Adopting a discovery format is certainly interesting, but how to proceed with protected resources is clearly an issue which needs to be discussed.

hlgr360 commented

dret [3:12 PM]

if you're interested in teaming up, definitely let me know, @holger. i have started focusing a bit of energy into this space, and plan on spending quite a bit more. and being webby always is something that gets me excited! pretty much everybody asks about this, and interest seems to be picking up. there are various facets.
· how to make the descriptions discoverable? very likely the webby way, but also some ping mechanism at deployment. pivio had something (but also quite a bit more).
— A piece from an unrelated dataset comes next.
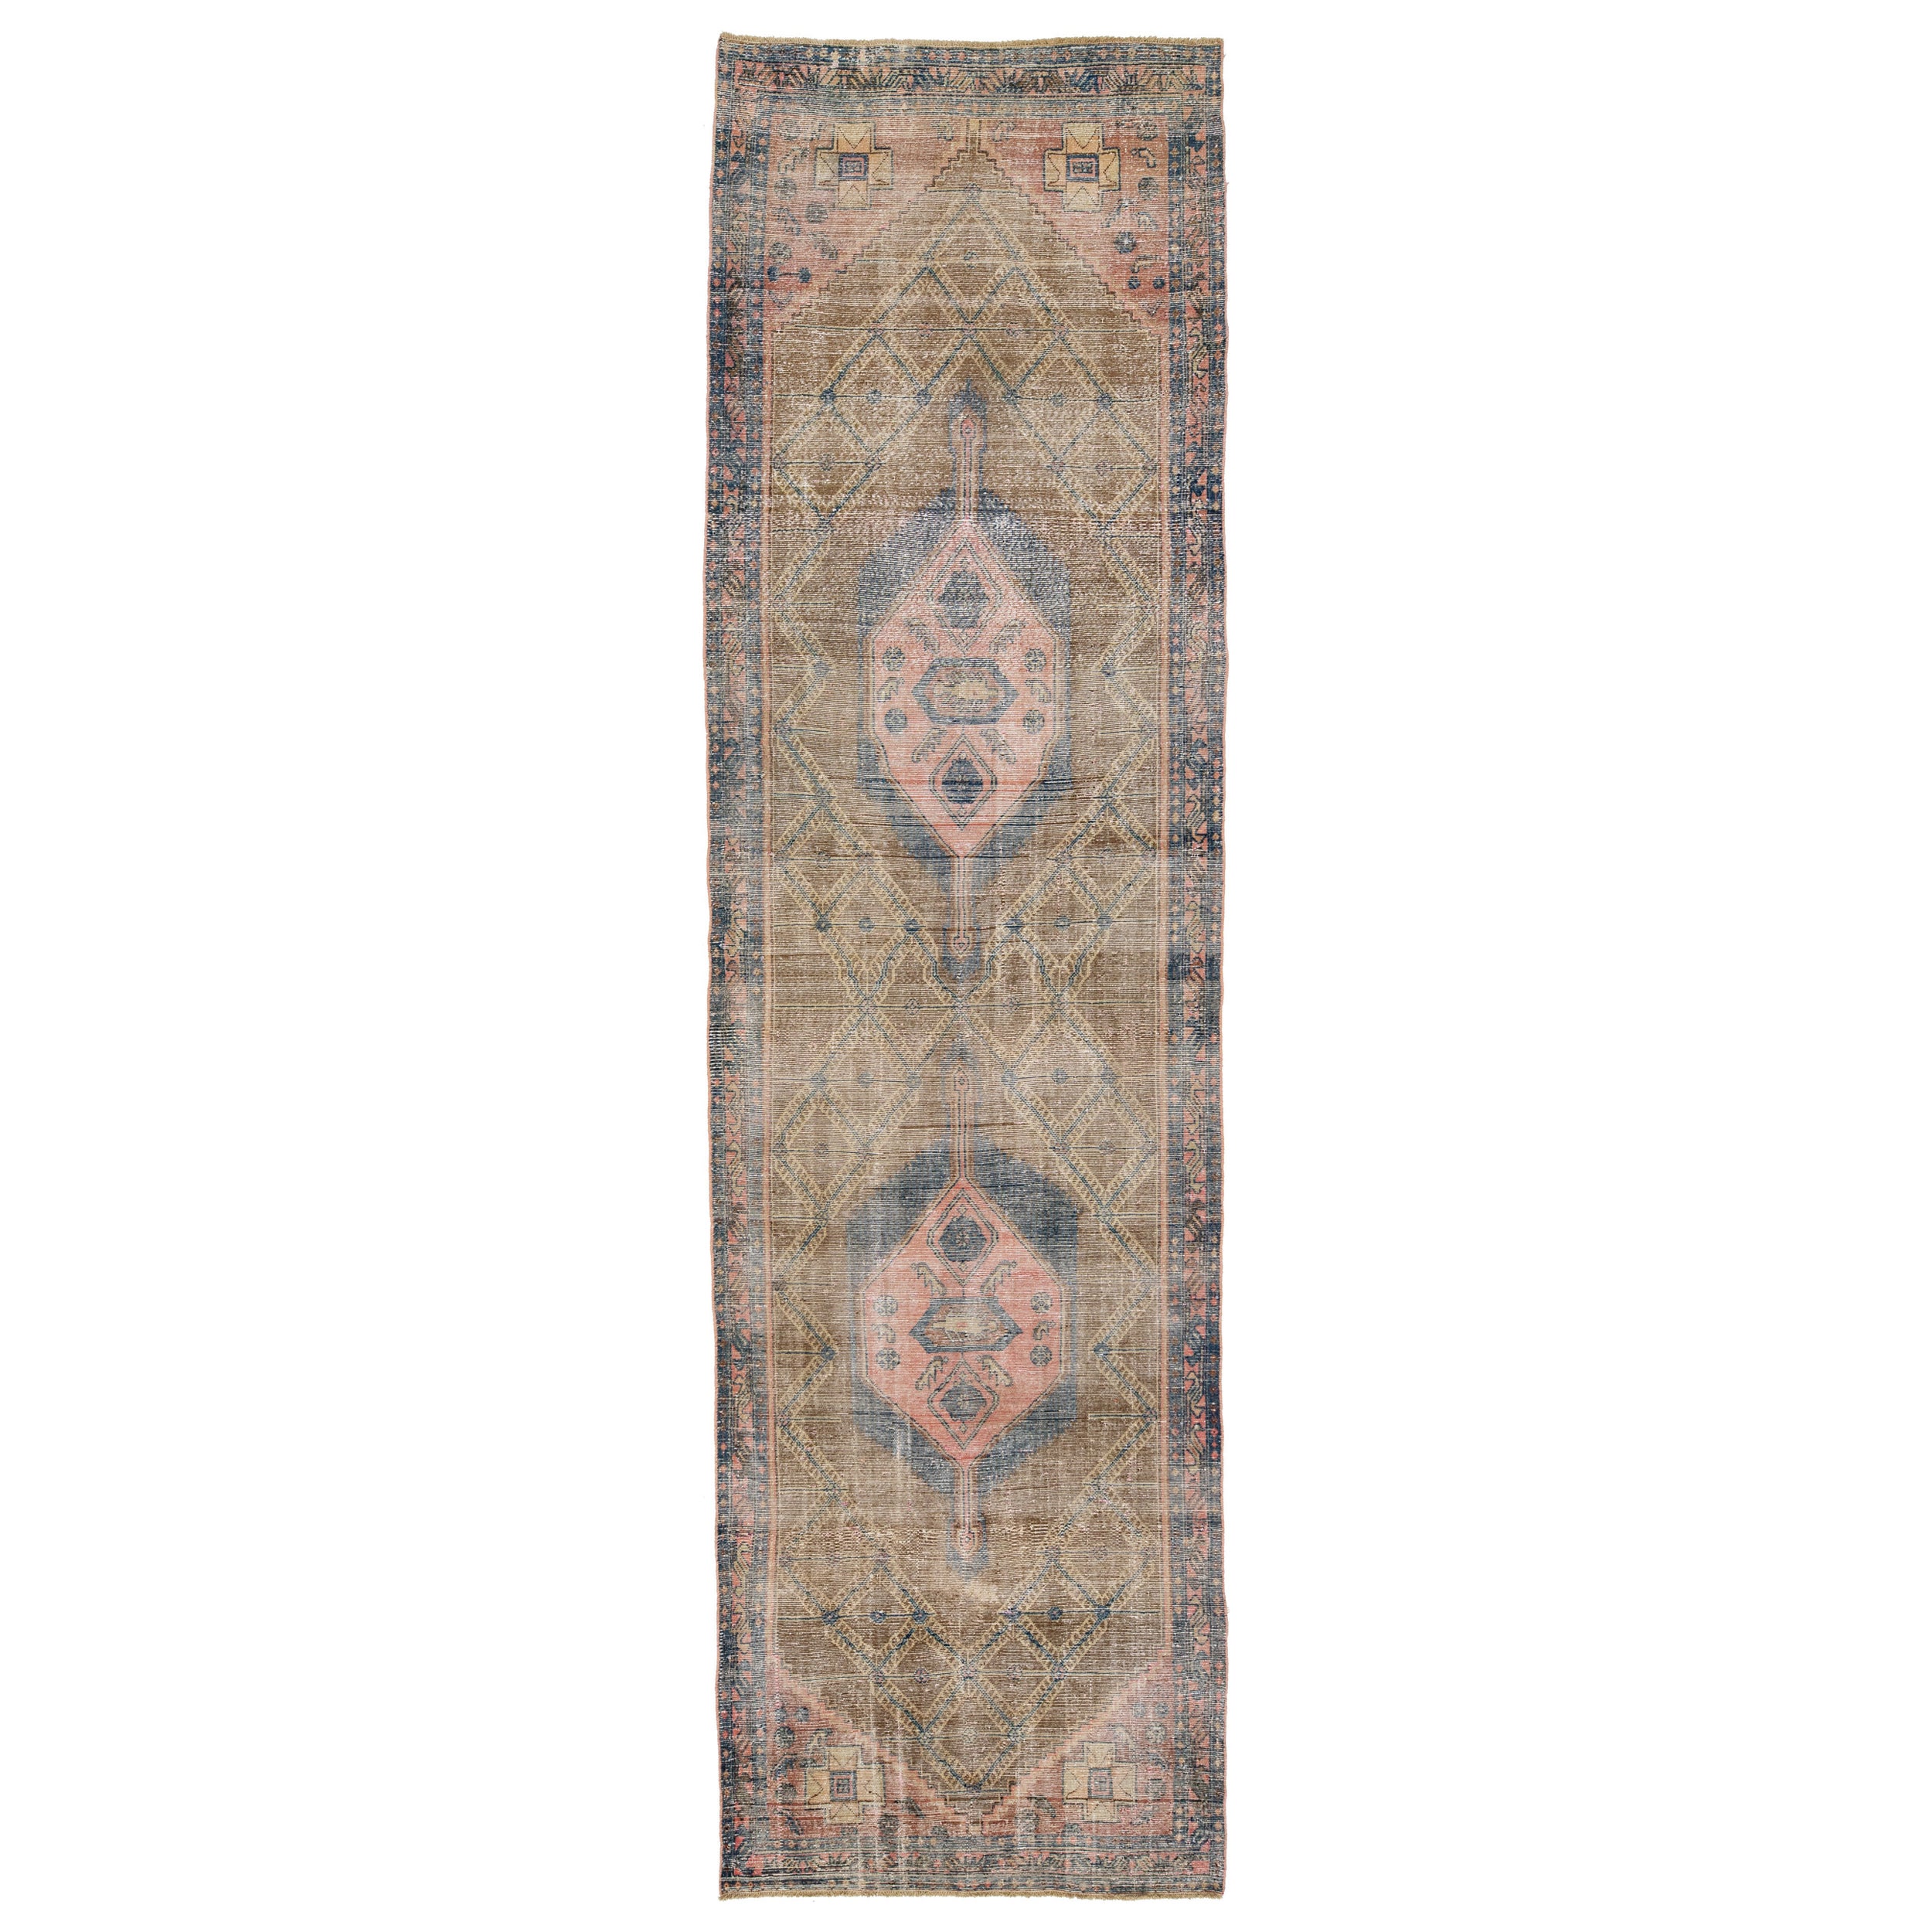 4 x 15 Vintage Distressed Persian Wool Runner In Brown With Tribal Motif (Chemin de table en laine persane vieillie avec motif tribal) en vente

· what to provide as description? apis.io is one, APIs.json another pivio is one as well, and so is JSON home. they sometimes have slightly various angles, but to me, the most important point is that they are well-defined and easily extensible. http://dret.net/lectures/summit-nyc-2017/#service-descriptions was my last attempt of a (very short) overview.
· what to include in the description? different of the formats above have different angles. pivio is very infrastructure-y; APIs.json is very taggy and human oriented; JSON home is agnostic. https://github.com/dret/APIdocumentation is where i have only just started a collection of these things (see issue #1). my goal is to turn that into a small site that tells people what they could document. we often have people being worried that they might forget things. my usual response is to tell them: "start with what you need now, and start in a way that you can easily add things as needed."
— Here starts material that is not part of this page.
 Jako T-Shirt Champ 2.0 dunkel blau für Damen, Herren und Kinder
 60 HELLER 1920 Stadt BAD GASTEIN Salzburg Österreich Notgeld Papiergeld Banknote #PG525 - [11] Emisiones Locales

· how to make the info available? for example, service-desc could be WSDL or OpenAPI or RAML or however you choose to document the technical interface; service-doc might be PDF or HTML or whatever else you think works best for the human-oriented documentation.
· how to use all of this? this is where being webby helps a lot. building tooling that crawls this at service start-up is not hard. pivio already has such a crawler and even a back-end for it. but you can also build simple checks, asking simple questions as "is there change management documentation"? if there is, it still may be horrible, but if there isn't, you can give immediate feedback and alert the team and tell them that they should document their change management strategy.
well, that was a lot of writing. as you probably can tell, i am passionate and have some ideas in this space. and many people are interested in this. so as mentioned above, if you want to team up, i'd be glad to chat and see if we find areas of overlap.